Further on, they witnessed a boat race between Noah, Utnapishtim and Quetzalcoatl, with Moses mediating, when suddenly a bunch of Vikings appeared and demanded to join, with promise of endless supply of Mead. After the race they all (Vikings and prophets, too) went to see an archery contest between Temujin, Wilhelm Tell, and Philoctetes.

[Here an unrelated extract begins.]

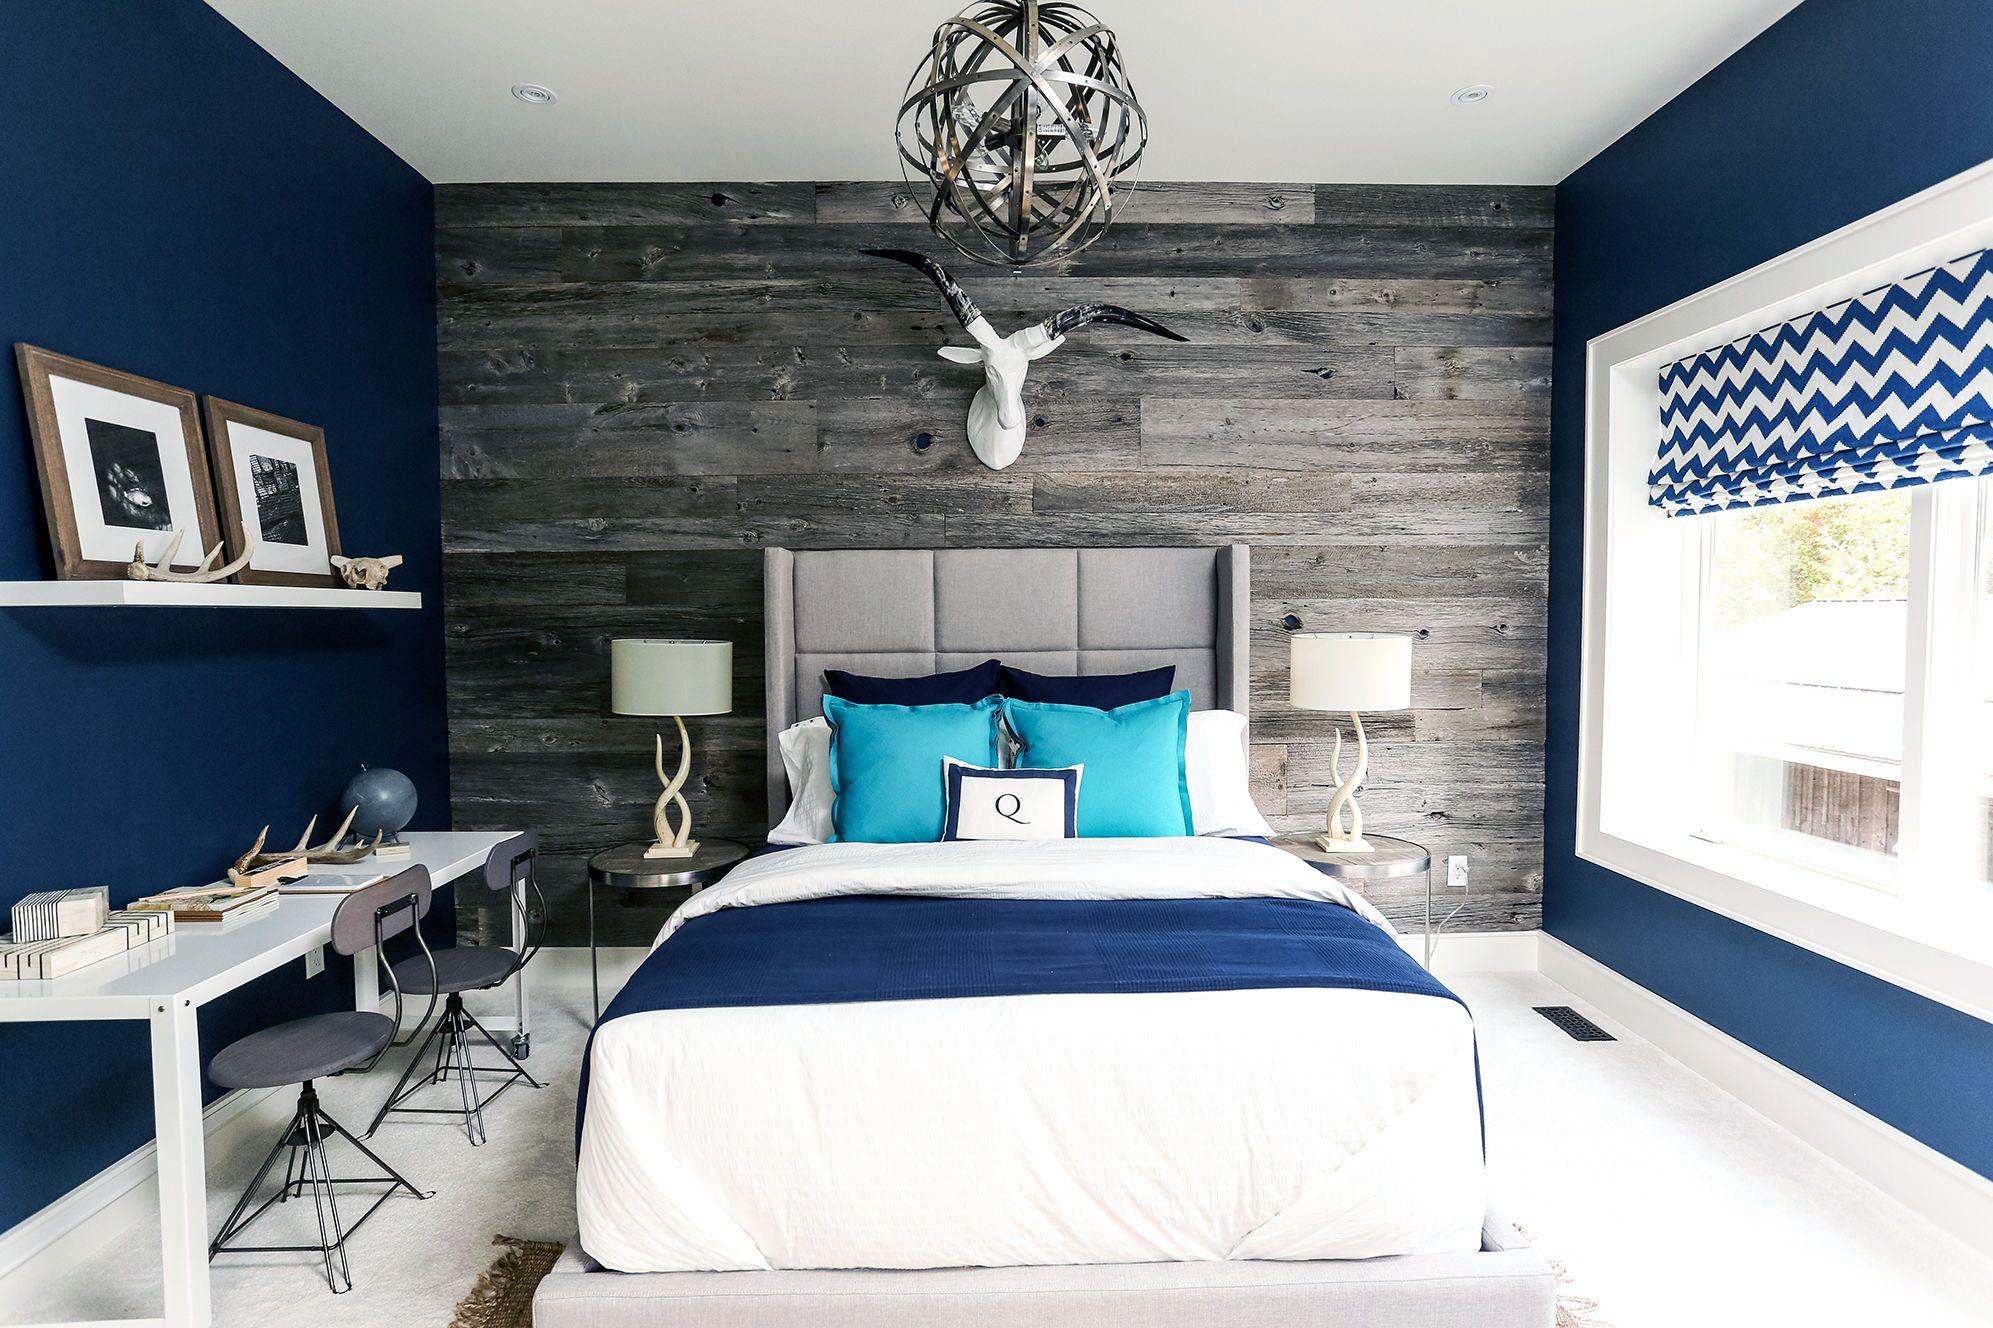 Creative Bedroom Ideas For Boys Remodel Bedroom Home Decor Bedroom Bedroom Colors

And they talked, Gabriel and Hitchens, about many a thing, for many hours, yet when questioned about the floating toroids yonder, the former remained silent. After seeing many wonders around Heaven, they came back to where they first started, at the Pearly Gates.
"So, Chris, where do you think you want to start your stay? You can uproot and move as many times as you wish - Jules Verne gives really nice personal tours of the more remote spots, too, when he's not too busy writing. He even considered cloning himself so he can do both things at once!"
"I still want to know what are those toroids are for! You keep avoiding and changing topics, now I'm not so sure if I want to stay" Hitchens sulked.
"Yea, God did warn me that you agnostic and athiest .." Gabriel started but was quickly interrupted by a very vocal Hitchens:
"Okay, okay! Geez, anti-theist if you will, dear Chris, God warned me about you triple A's type always being a pain in the woo-hoo, but for some reason God really has a capital time listening to your arguments, I swear he dotes on you pain-in-the-ass people!"
"So, spill, what's in the toroids, before I really become a real pain in your angelic arse, where incidentally I do believe the sun does shine" Hitchens just couldn't resist poking a barb.
"The toroids, my good man, are a bunch separate closed universes".
"What are they for, then?"
"Can't you guess, man?"
"No ... tell me."
"They're for the Fundamentalists. They think they're the only one in Heaven; and in a way it's true - they're in their own Heavens in their own separate Universes"
"So why am I here?"
"Oh, God thought he'd piss you off a little .... like he did Nietszche some years back ... speaking of which, I think you'd get along with him just fine"
This story is purely fictional with characters borrowed from real and fictional universe(s).
Rest in Peace, Chris Hitchens. I hope you're not too pissed off in Heaven.